Let me share some things I learned. In the first five verses of this 13th chapter there is some insider language going on. They are asking Jesus about some current events of their time and for us, the outsider; it can be a little confusing. They talk about Galileans whose blood was mingled with sacrifices by the hands of Pilate and then another group of people who had a tower fall on them. There is no other place where these two events are mentioned so all we know is what the writer of Luke’s gospel tells us.

Pilate is the Roman Governor of this area and who had his headquarters in Jerusalem. It seems that some people from the area of Galilee came to Jerusalem to give a sacrifice. Jerusalem was the only place to do this so it is natural to assume this is where the event was when it occurred. Pilate was known to be brutal and unjust as he reigned over this part of the world. The Romans were not known for their bedside manner. The best guess for what happened here is that these Galileans were probably causing some kind of trouble for Pilate. Maybe they were instigators in trying to start a rebellion or were revolting over the Roman taxes they had to pay. Whatever the reason it seems Pilate decides to make a point with these people. He has them killed in the same place where sacrifices to God are offered up. This is something unthinkable.

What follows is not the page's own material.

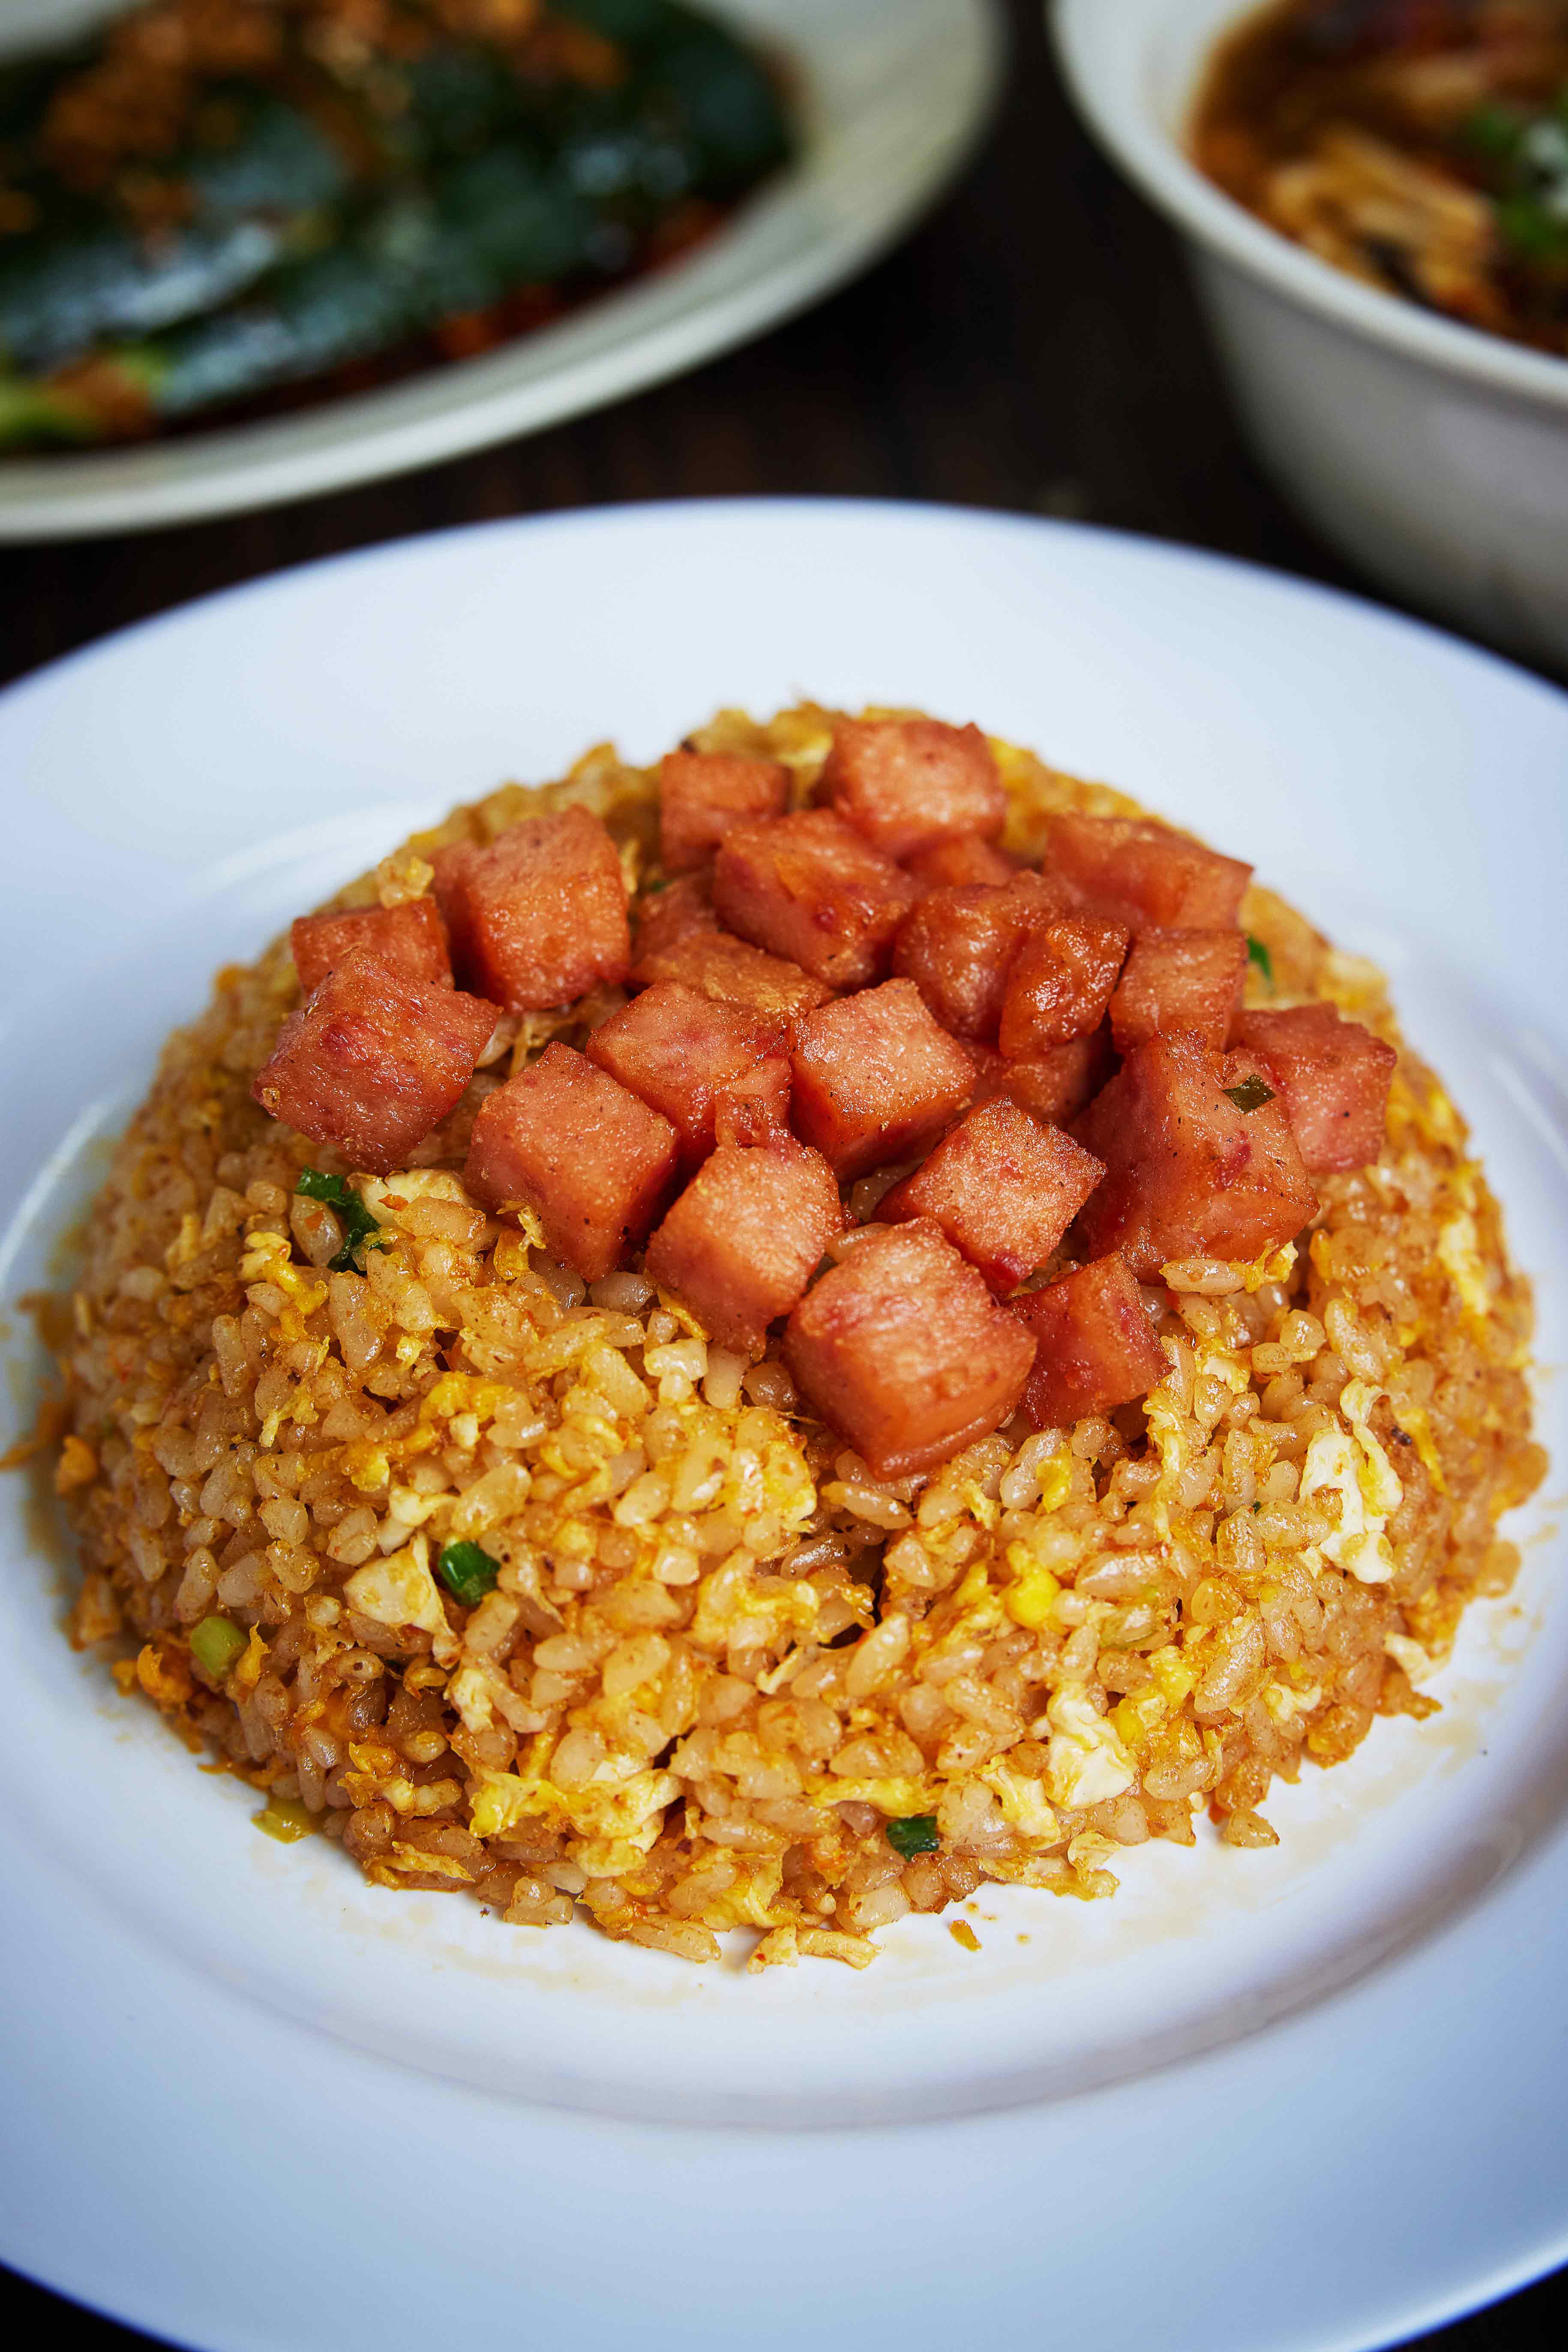 The Sambal Fried Rice, from $4.50 (8 DAYS Pick!)

Fred Winters, 45, was preaching in the 8:15 a.m. service with about 150 people in attendance at the St. Louis-area First Baptist Church in Maryville, Ill., when the gunman, walked down the aisle, exchanged some words with the pastor and opened fire, shooting Winters four times in the chest. When the gunman’s .45-caliber semiautomatic weapon jammed, he drew a knife and slashed two church members as they wrestled him to the ground. You might remember this story which happened only a year ago. It is tragic because the sanctuary we come to worship in, the place where they made sacrifices to God, is a holy place and a place where we cannot conceive of evil things happening.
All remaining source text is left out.